I have reason to believe that my son has vandalized city property, quite seriously perhaps. I am trying to come up with a plan to anonymously reimburse the city for damages (I understand, of course, that this must be handled with extreme caution), but my first priority is to keep him out of legal trouble. The incident occurred roughly 8 weeks ago, and to the best of my knowledge he has not had any correspondence with police or investigators yet. He knows not to answer questions without a lawyer. Would he have likely been contacted by now if he had been identified, or at what point can we breathe easy about that? The other question is, of course, how to go about reimbursing the city.

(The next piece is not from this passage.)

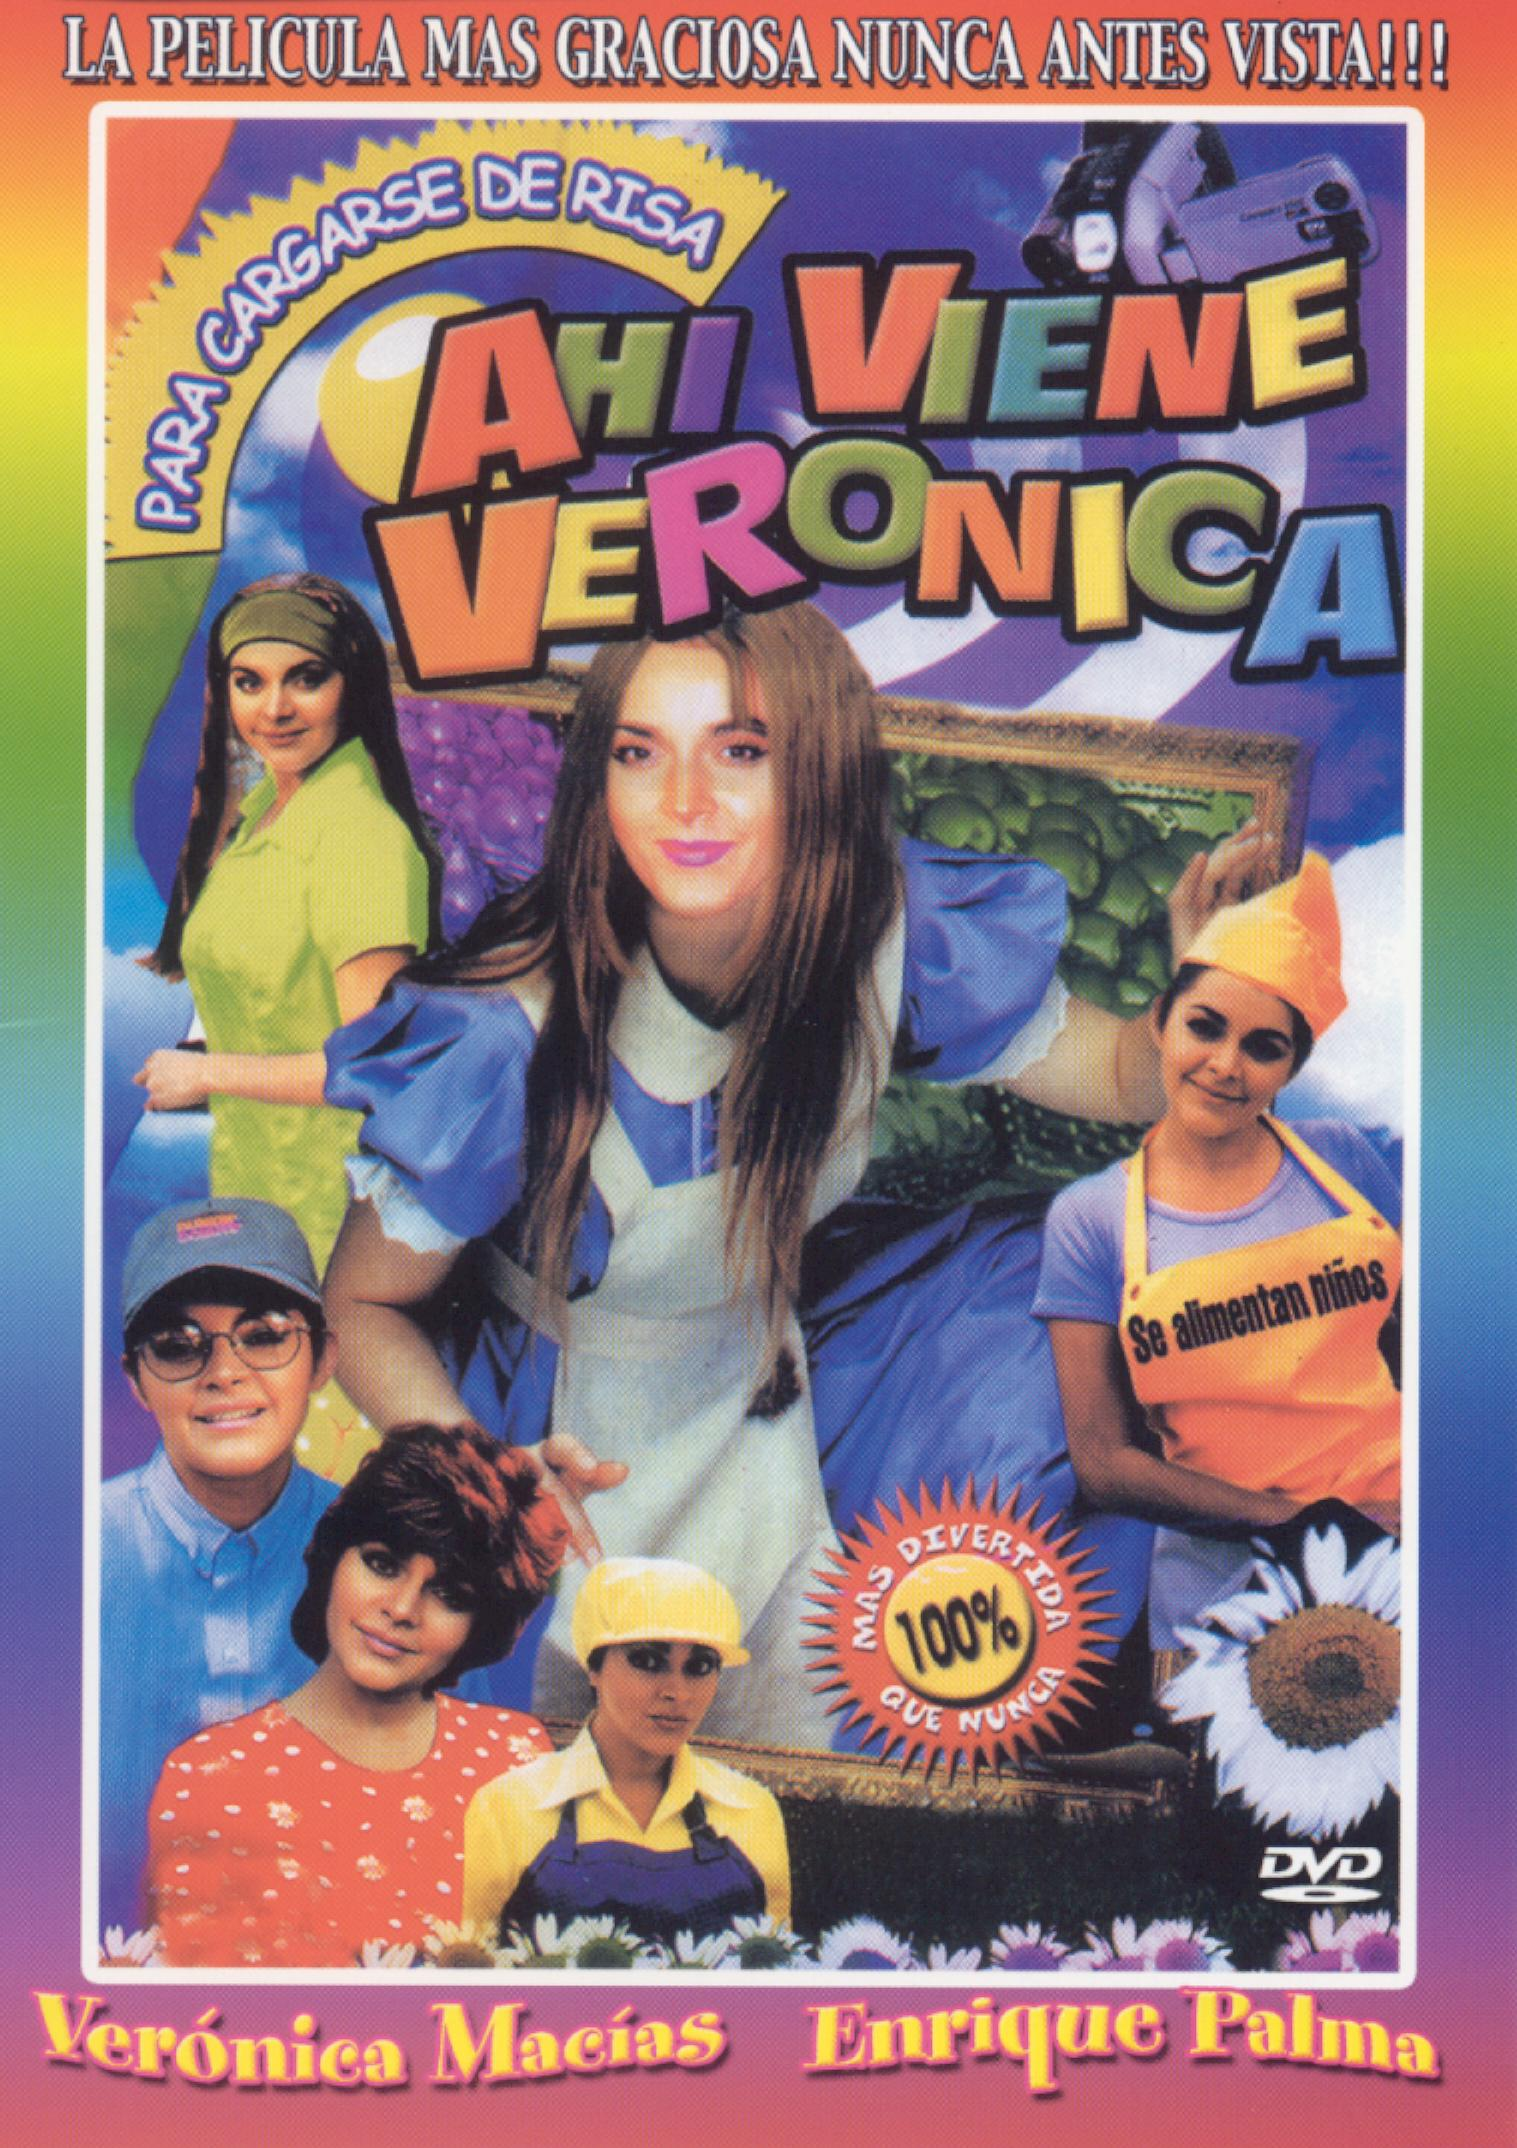 Ahi Viene Veronica

Thank you so much for your advice.

Attorney Answers 1


It is difficult to say whether or not your son has been identified by the police or not. I tend to agree that with eight weeks having gone by it would seem unlikely. However, the delay might also simply be the result of the police being otherwise occupied with other more pressing matters; therefore, I unfortunately can not tell you of a specific period of time that once it has elapsed your son can consider himself in the clear. There is no practical way that you can reimburse the city for the damages without the city knowing who the money came from, or what it is for. Even worse would be if you simply were to drop off an envelope with cash and then your son gets charged; how would you ever prove that that money for restitution came from you. You and your son could very well end up paying the restitution twice. I think the best course of action is simply to not do anything; set the money aside for the restitution if and when anything should ever happen. The only other real course of action you can take if you really want finality to this matter is simply to get your son an attorney and make arrangements to get this matter cleared up with the authorities. It is not inconceivable that this matter might get resolved without anything formally taking place in the courts.